Acórdão - DJ nº 0000827-23.2015.8.26.0604 - Apelação Cível
: 08/04/2016

 ACÓRDÃO

 

Vistos, relatados e discutidos estes autos de Apelação nº 0000827-23.2015.8.26.0604, da Comarca de Sumaré, em que é apelante ILZA MARIA DE MACEDO, é apelado OFICIAL DE REGISTRO DE IMÓVEIS E ANEXOS DA COMARCA DE SUMARÉ (FLS. 02/06).

 

ACORDAM, em Conselho Superior de Magistratura do Tribunal de Justiça de São Paulo, proferir a seguinte decisão: "NEGARAM PROVIMENTO AO RECURSO, V.U.", de conformidade com o voto do(a) Relator(a), que integra este acórdão.

 

O julgamento teve a participação dos Desembargadores, PAULO DIMAS MASCARETTI(PRESIDENTE TRIBUNAL DE JUSTIÇA), ADEMIR BENEDITO (VICE PRESIDENTE), XAVIER DE AQUINO (DECANO), LUIZ ANTONIO DE GODOY (PRES. DA SEÇÃO DE DIREITO PÚBLICO), RICARDO DIP (PRES. DA SEÇÃO DE DIREITO PRIVADO)E SALLES ABREU (PRES. DA SEÇÃO DE DIREITO CRIMINAL).

 

  São Paulo, 25 de fevereiro de 2016.

 

          

      PEREIRA CALÇAS

 RELATOR

 

 

 

Apelação Cível nº 0000827-23.2015.8.26.0604

Apelante: Ilza Maria de Macedo

Apelado: Oficial de Registro de Imóveis e Anexos da Comarca de Sumaré

VOTO Nº 29.114

 

REGISTRO DE IMÓVEIS – Formal de Partilha – Título não imune à qualificação registral – Continuidade – Inobservância - Dúvida Procedente - Recurso não provido

 

Trata-se de apelação interposta por Ilza Maria de Macedo objetivando a reforma da r. decisão de fls. 138/139, que manteve a recusa do registro do formal de partilha expedido pela 3ª Vara Cível de Valinhos, nos autos do inventário dos bens deixados por Geraldo Pinto de Macedo.

Alega, em suma, que seu genitor, Geraldo Pinto de Macedo, adquiriu em vida, por meio de sentença judicial, a fração ideal correspondente a 50% do imóvel descrito na matrícula nº 12.779, o que afasta a necessidade de se observar a continuidade registral.

A D. Procuradoria Geral da Justiça opinou pelo não provimento do recurso (fls. 147/150).

É o relatório.

É tranquila a jurisprudência deste CSM no sentido de que a origem judicial do título não o torna imune à qualificação registral, ainda que limitada aos requisitos formais e sua adequação aos princípios registrais[1].

Nesse sentido, o item 119, do Cap.
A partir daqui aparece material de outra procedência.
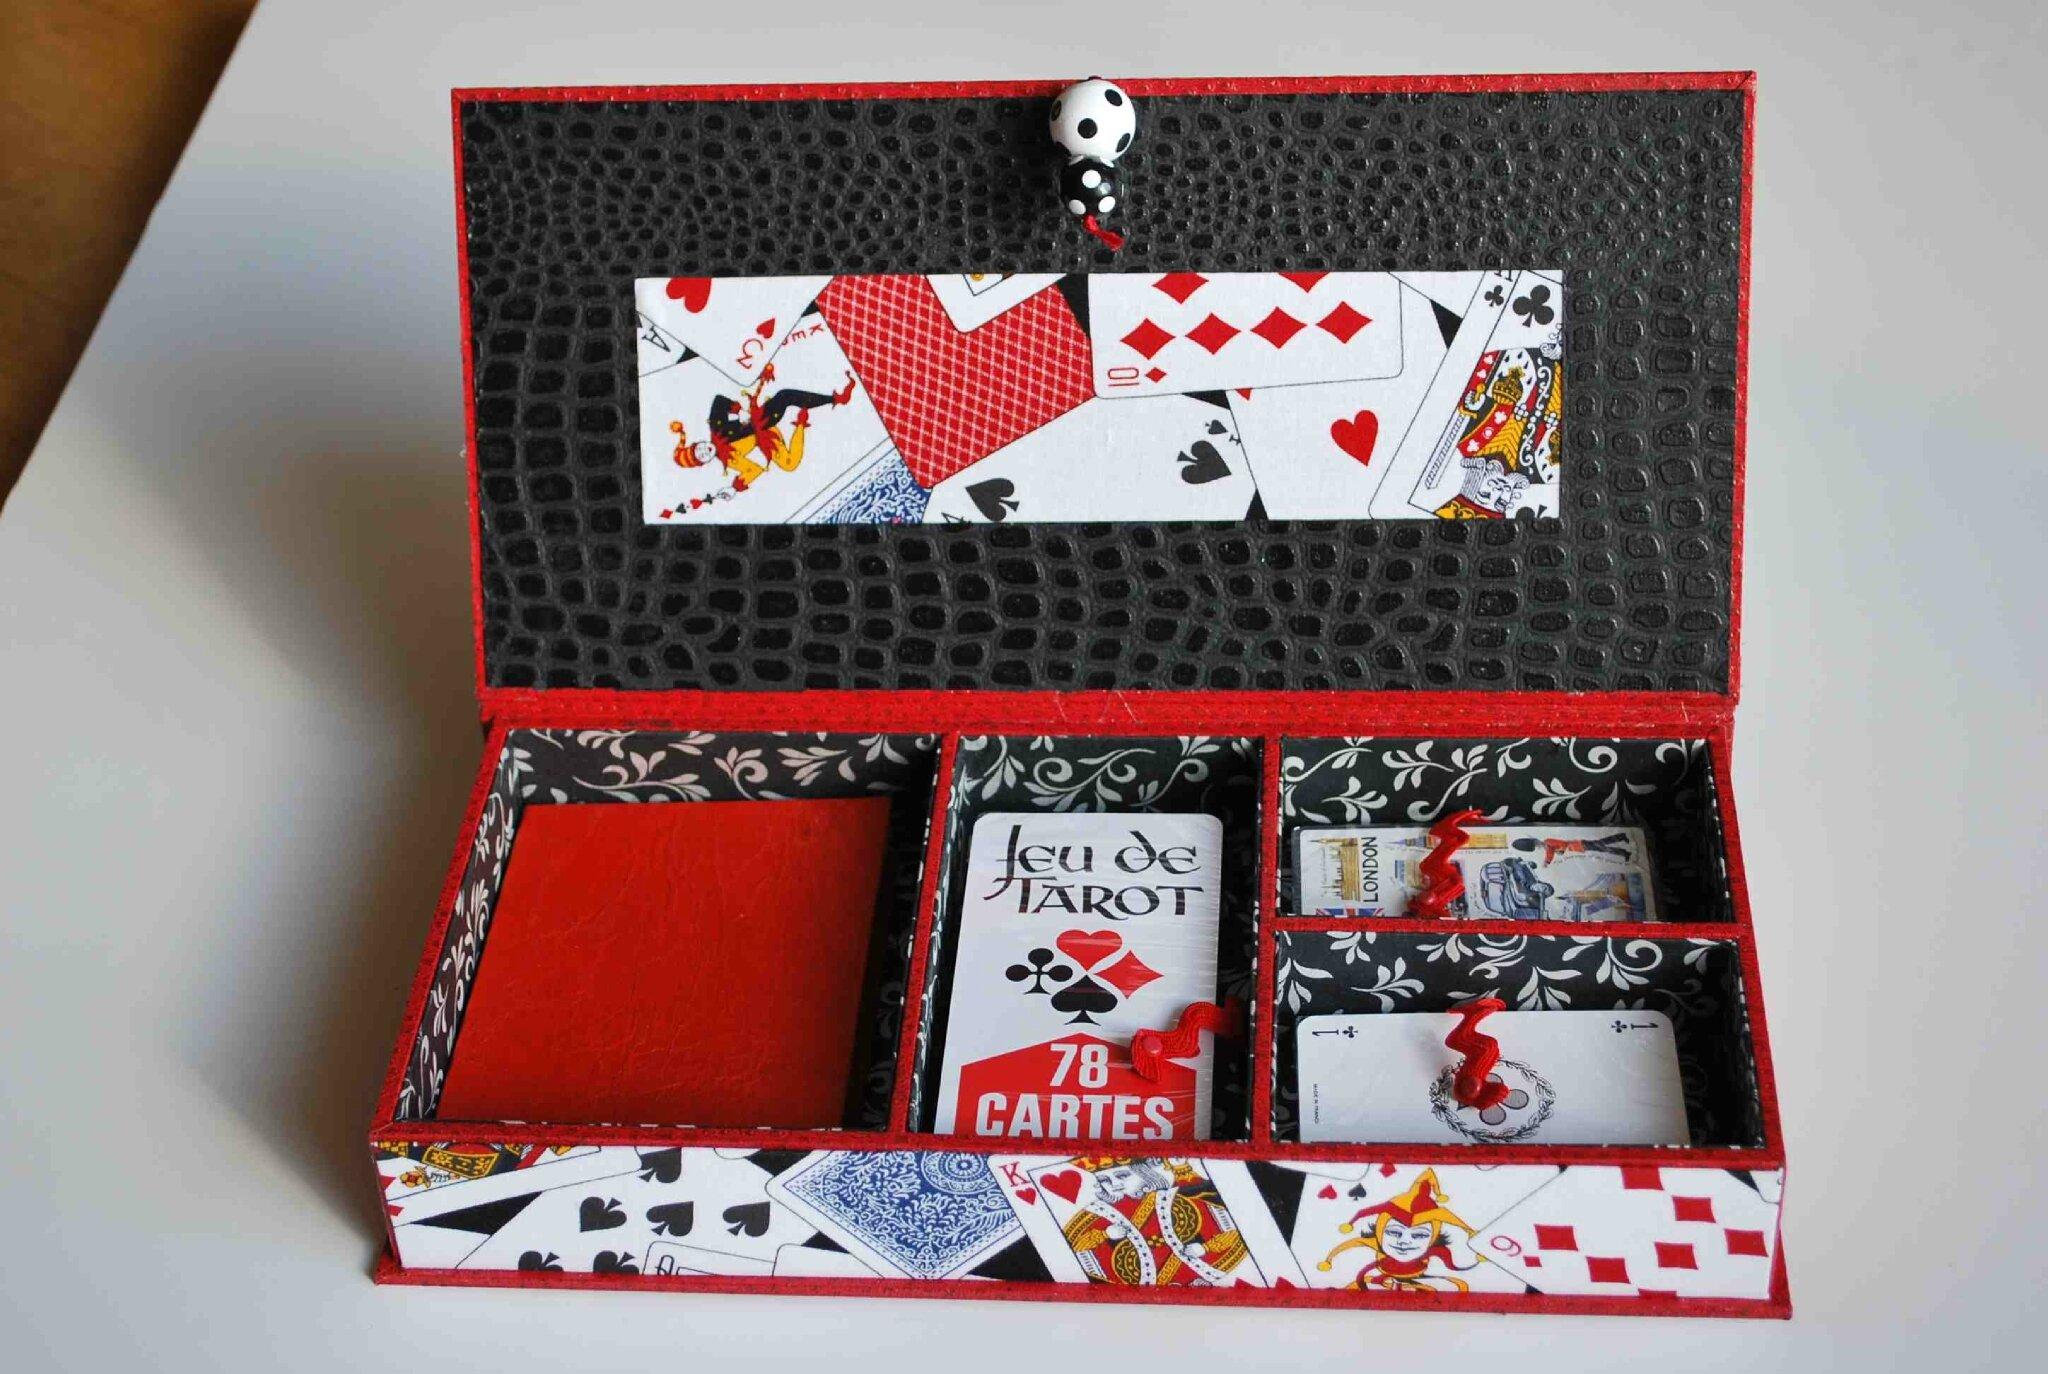 bo te jeux de cartes les cadres vaugneray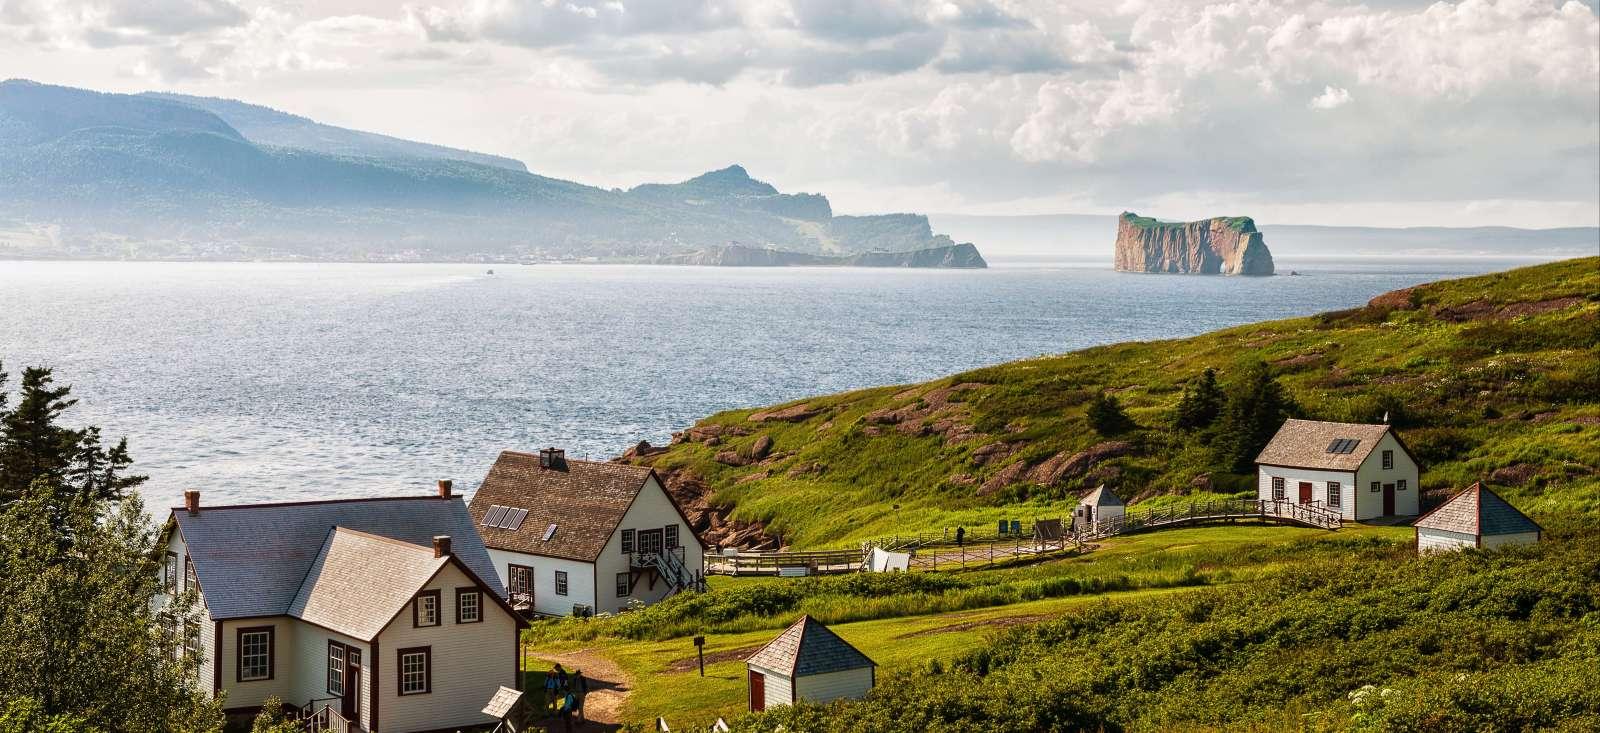 Voyage à pied : Bienvenue en Gaspésie

XX, das NSCGJ[2]:

Incumbe ao oficial impedir o registro de título que não satisfaça os requisitos exigidos pela lei, quer sejam consubstanciados em instrumento público ou particular, quer em atos judiciais.

A qualificação negativa, como é cediço, não caracteriza desobediência ou descumprimento de decisão judicial[3]. Assim, se o título esbarra em obstáculos propriamente registrários, deve o registrador comunicar tal fato ao Juízo que expediu a ordem e, apenas no caso de o Juízo desconsiderar as exigências formuladas, a ordem judicial deve ser cumprida, comunicando-se o fato ao Juiz Corregedor Permanente, de sorte a justificar a prática do ato em afronta aos princípios e às regras registrais [4].

No presente caso, a recorrente pretende registrar o formal de partilha expedido pela 3ª Vara Cível de Valinhos, nos autos do inventário dos bens deixados por Geraldo Pinto de Macedo, pelo qual adquire a fração ideal correspondente a 50% do imóvel descrito na matrícula nº 12.779.

O título foi recusado ao argumento de que o imóvel da matrícula nº 12.779 está registrado em nome de Joffre Baptista da Luz e não do “de cujus”, o que fere a continuidade registral.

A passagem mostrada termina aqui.